- [DATA SEGMENT]:
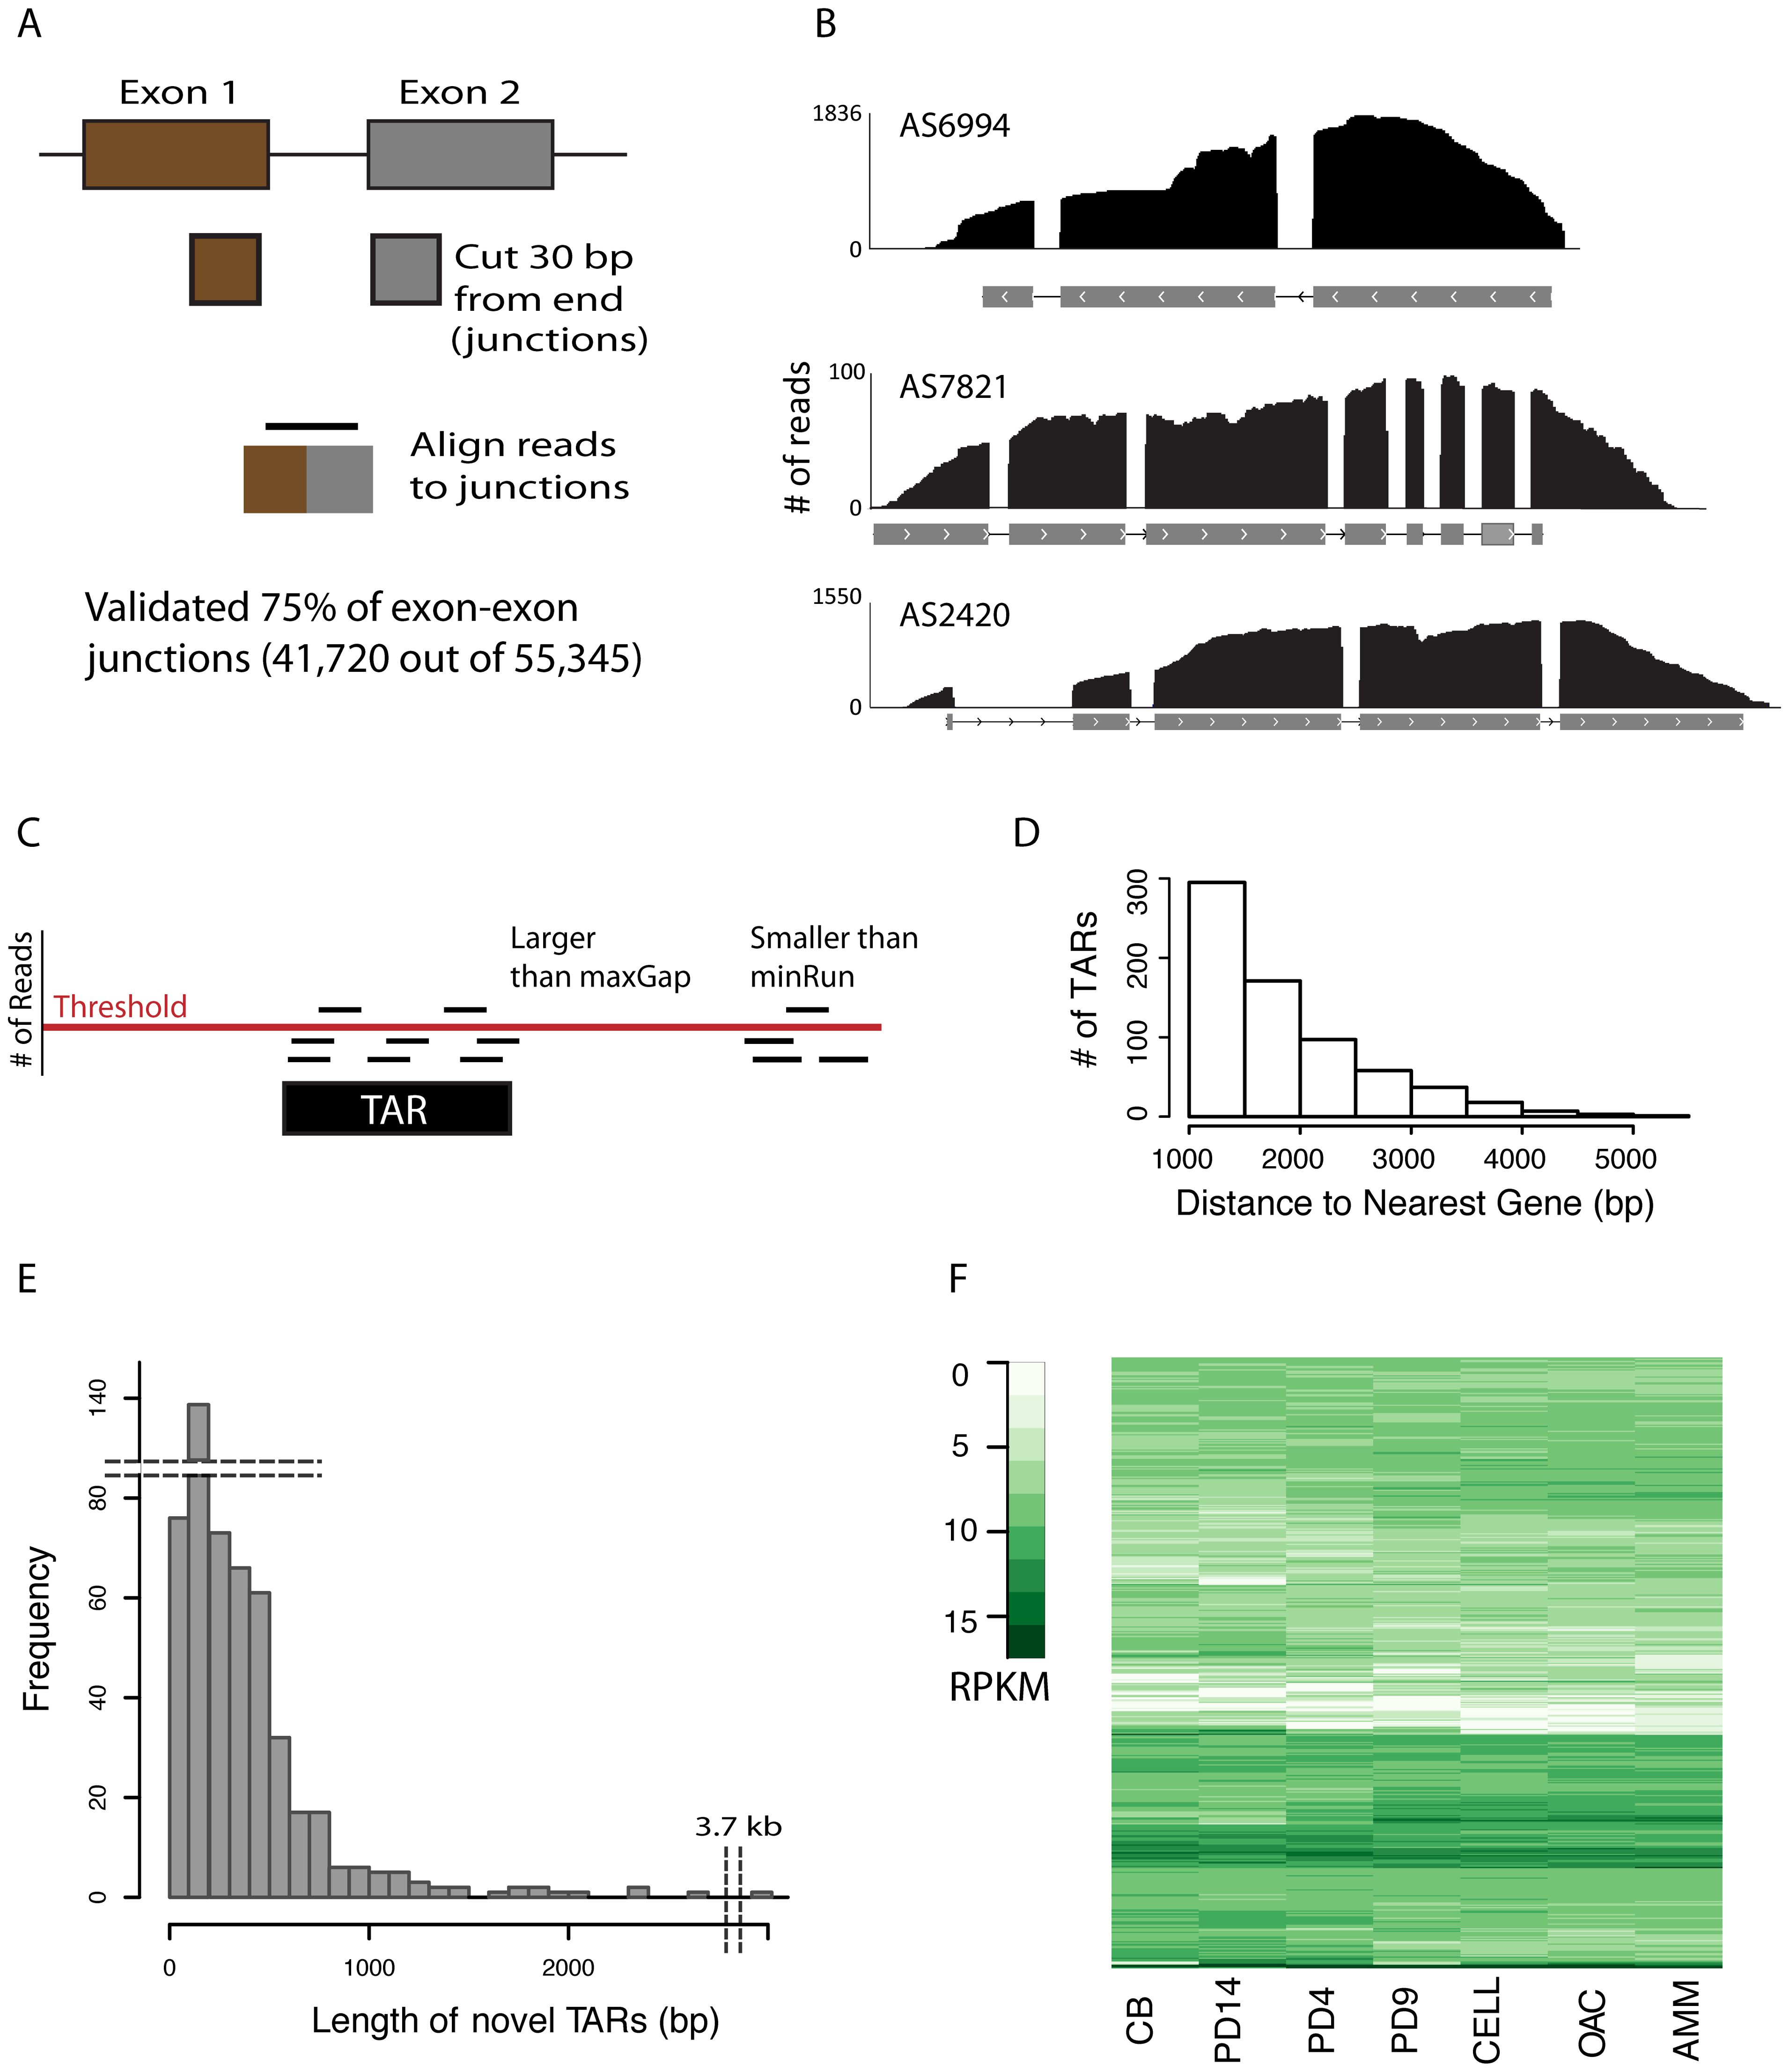 Validating gene models and novel TARs.
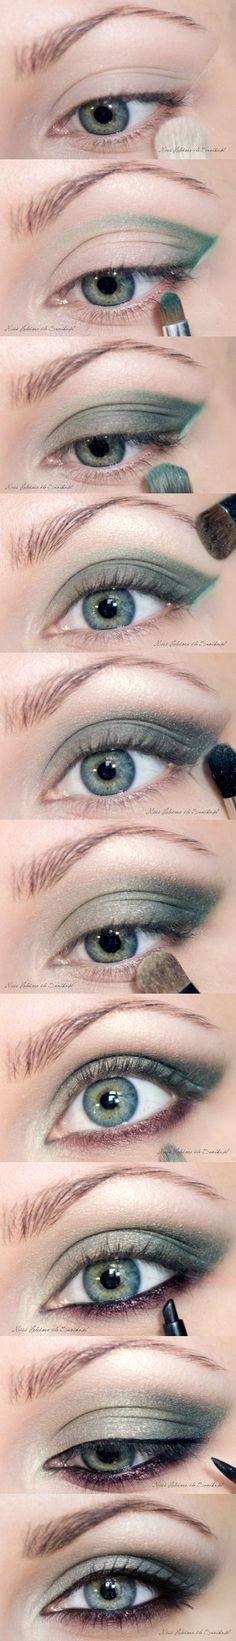 Emerald Smokey Eyes - Eye Make Up Tutorial
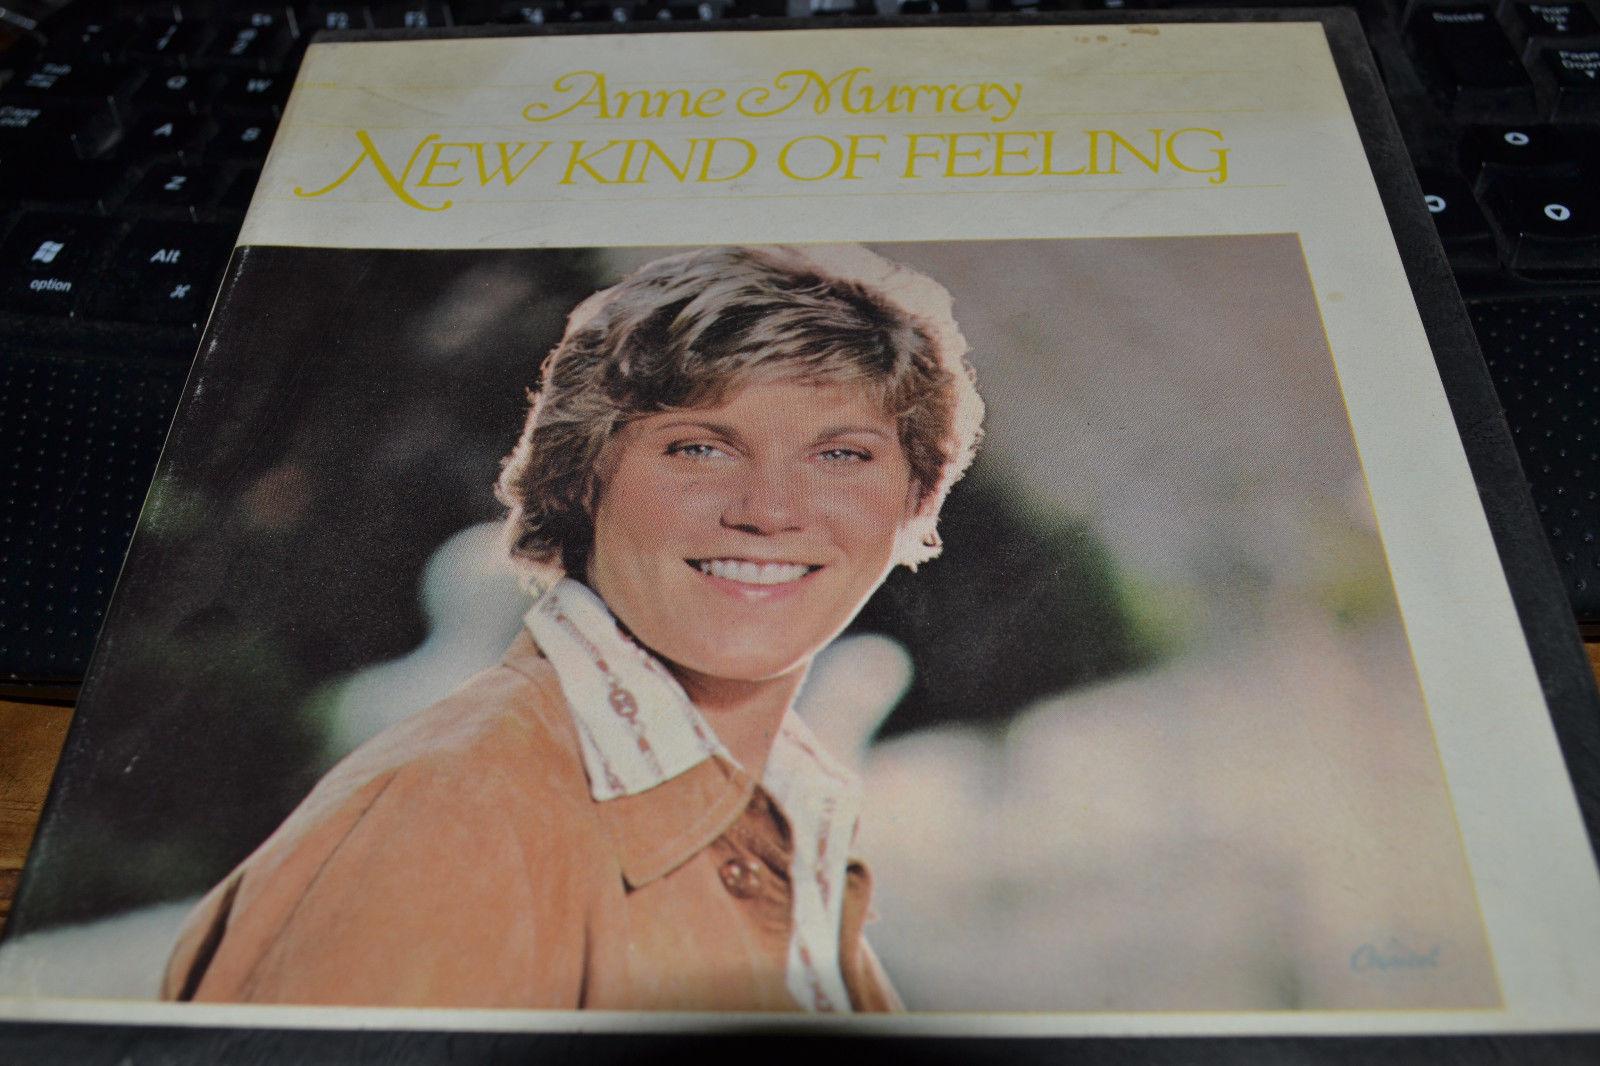 ANNE MURRAY - NEW KIND OF FEELING -  REEL TO REEL TAPE  3 3/4

- [TASK DIRECTIONS]: Exact reproduction is required for the lines from the one containing "Emerald Smokey Eyes - Eye Make Up Tutorial" through the end of the material, and for those lines only, without pictures.

- [EXERCISE OUTPUT]:
 Emerald Smokey Eyes - Eye Make Up Tutorial
 ANNE MURRAY - NEW KIND OF FEELING -  REEL TO REEL TAPE  3 3/4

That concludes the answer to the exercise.